Effect of rosemary extract on colour of fermented beef sausage "sucuk" type was compared with effect of the other antioxidants, after 19 days of ripening and after 6 months of storage, applying t-test. Also, effect of green tea extract on colour of fermented sausage "sucuk" type was compared with effect of the other antioxidants, after 19 days of ripening and after 6 months of storage, on the same way, applying t-test. The level of significance p<0.05 was used for all comparisons [26, 29].

RESULTS AND DISCUSSION

Changes of L*-, a*-, b*-values
The production of dry-fermented beef sausages consists in a skilled control and monitoring of processing parameters important for biochemical and microbiological transformations, as well as physical processes which take place in the bulk of the sausage mixture, during production and the post-manufacture maturation [39].

Selected ingredients and additives, depending on their concentrations, can exert a significant influence on the quality and sensory characteristics of finished sausages. Colour is one of the most important quality attributes of sucuk, since it affects overall quality and product acceptability on the market. The results of colour parameters, measured on the cross section of dry-fermented beef sausage "sucuk" type during ripening, expressed as CIE L*, a*, b* values, are given in Tables 3a,b,c.

The aim of this study was to investigate antioxidant effect of natural rosemary extract (sample 2), and natural green tea extract (sample 3) on the colour of dry-fermented beef sausage "sucuk" type, during ripening and storage periods comparing measured parameters with the effect of other antioxidants, whose use is common in food industry (sodium ascorbate, ascorbic acid, ascorbyl palmitate, tocopherols and butylated hydroxy-anisole) and with the sausage model sample, produced without antioxidants addition (sample 8), used as control.

Sausages colour stability during 19 days fermentation
Two-way ANOVA for colour parameters (L*, a*, b*) measured during 19 days fermentation, showed statistically significant difference for crossed mean values at the p<0.05 confidence level, and it was concluded that fermentation and 19 days storage time (FA) and type of antioxidants (FB) added into the sausage batter had impact on considered analysed values (p<0.05). In the case that difference is identified, a t-test was used to determine which of two sets of data are significantly different from each other.

Analysed lightness (L* value) on the cross section of all model samples decreased significantly during the ripening period (FA=46.20; p=0*; FB=6.61; p=0*) and the samples become darker.

To investigate between which of analyzed sausages had been statistically significant difference in L*-values at the end of fermentation (19. day), pairs of values measured for sample 2, produced with rosemary extract were compared with effect of the other added antioxidants and without it (sample code x=1, 3, 4, 5, 6, 7, 8) applying t-test statistics. The same analyse applying t-test statistics were repeated for values measured on sample 3 produced with green tea extract, which were compared with effect of the other added antioxidants and without it (sample code x=1, 2, 4, 5, 6, 7, 8). Results are shown in Table 3a.

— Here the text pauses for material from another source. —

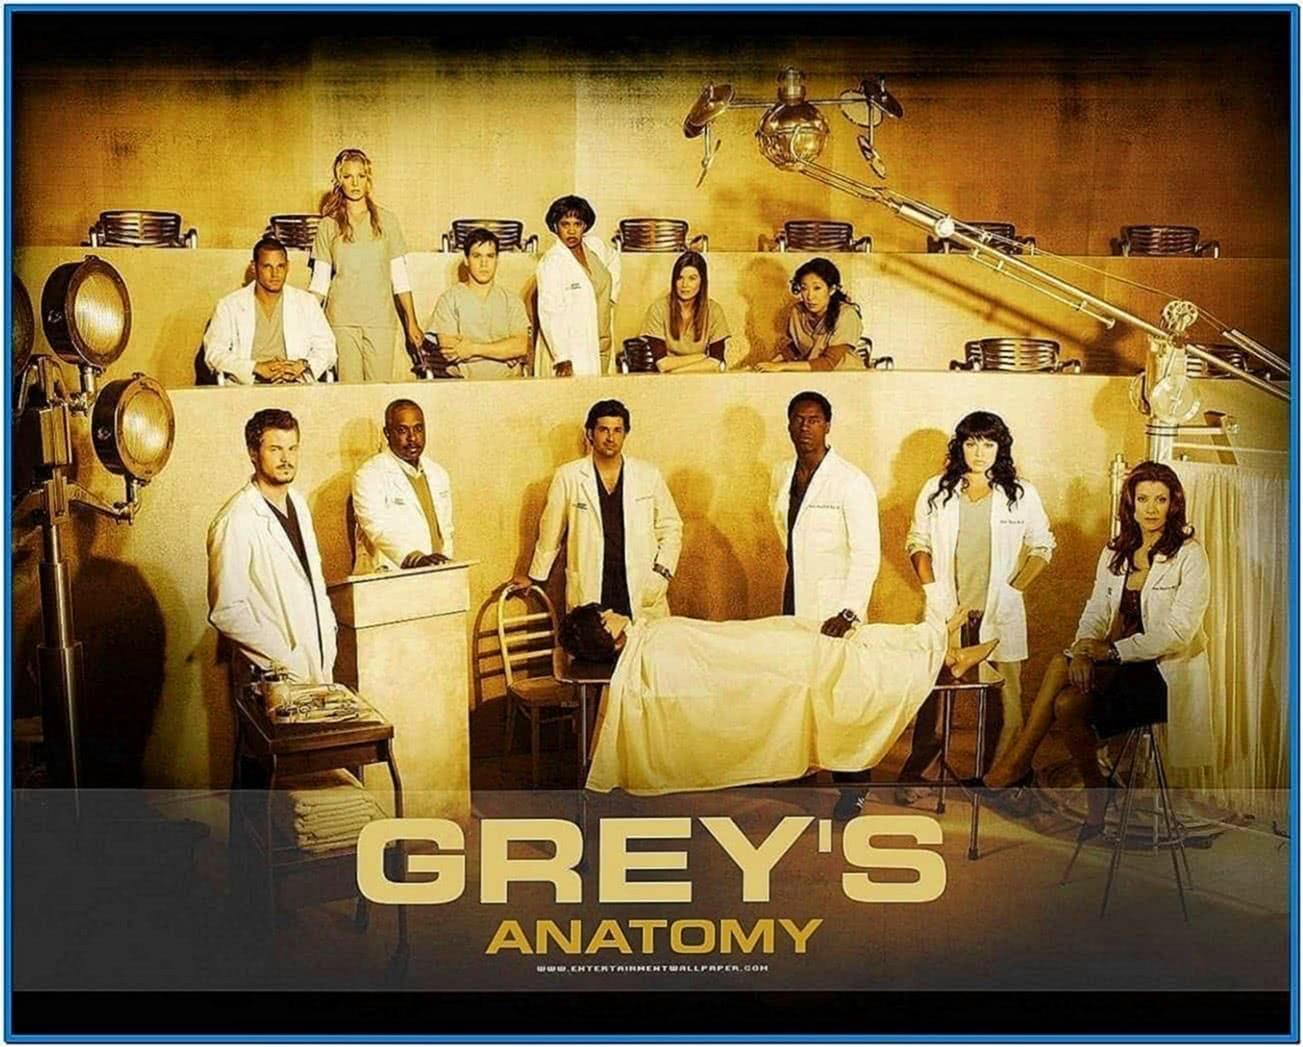 Greys Anatomy Screensaver Download Free

Comparing measured values for sample 2 (produced with rosemary extract) after 19 days of ripening showed statistically significant difference in average values for lightness (L*-values) between samples 2 and 5, and between sample 2 and control sample 8 (Tab. 3a). Compared measured values for sample 3 (produced with green tea extract) after 19 days of ripening showed similar statistically significant difference in average value for lightness (L*-values) between samples 3 and 5; between samples 3 and 6; and between sample 3 and control sample 8 (Tab. 3a).

According to that, it could be concluded that, at the end of fermentation, there was no statistically significant difference in measured colour parameters for sausages produced with   rosemary extract and green tea extract and with sodium ascorbate or ascorbic acid, antioxidants whose use is common in food industry and that they had similar impact on colour quality and stability of sausage. The decrease in the L*-values during ripening, indicated formation of dark colour in the sucuk due to the browning reaction [6]. Similarly, Bozkurt [5] and Kayaardi and Gok [25] found that Hunter L-values of sucuk generally decrease during the 15 days of ripening.

The a* value could be indicator of changes in product during formation of desired red colour, important quality parameter for increase of the sausages acceptability and consumption. During 19 days of ripening, the average redness values (a*) statistically significant (p<0.05) changed, as result of ripening time and sausages fermentation process impact (FA) and (FB) antioxidants added into the sausage batter and without addition (FA=9.11; p=0*; FB=2.43; p=0.029*).

To investigate if there are statistically significant difference in a*-values between analyzed sausages at the end of fermentation (19. day), pairs of values measured for sample 2, produced with rosemary extract were compared with the effect of other added antioxidants and without it (sample code x=1, 3, 4, 5, 6, 7, 8) applying t-test statistics. There was no statistically significant difference in a*-values between analyzed sausages at the end on the ripening (19. day), and could be concluded that all analysed sausages had similar intensity of colour redness. Results of t-test for values measured on sample 3 produced with green tea extract, which were compared with the effect of other added antioxidants and without it (sample code x=1, 2, 4, 5, 6, 7, 8) showed statistically significant difference in average value for redness between samples 3 and 5; between samples 3 and 7, the difference identified and confirmed by descriptive sensory test. During development of ripening process, he average a*-value indicated on changes, they increased during the first 3 days of sausages ripening, but during further ripening period less change of a* values were recorded (Tab. 3b).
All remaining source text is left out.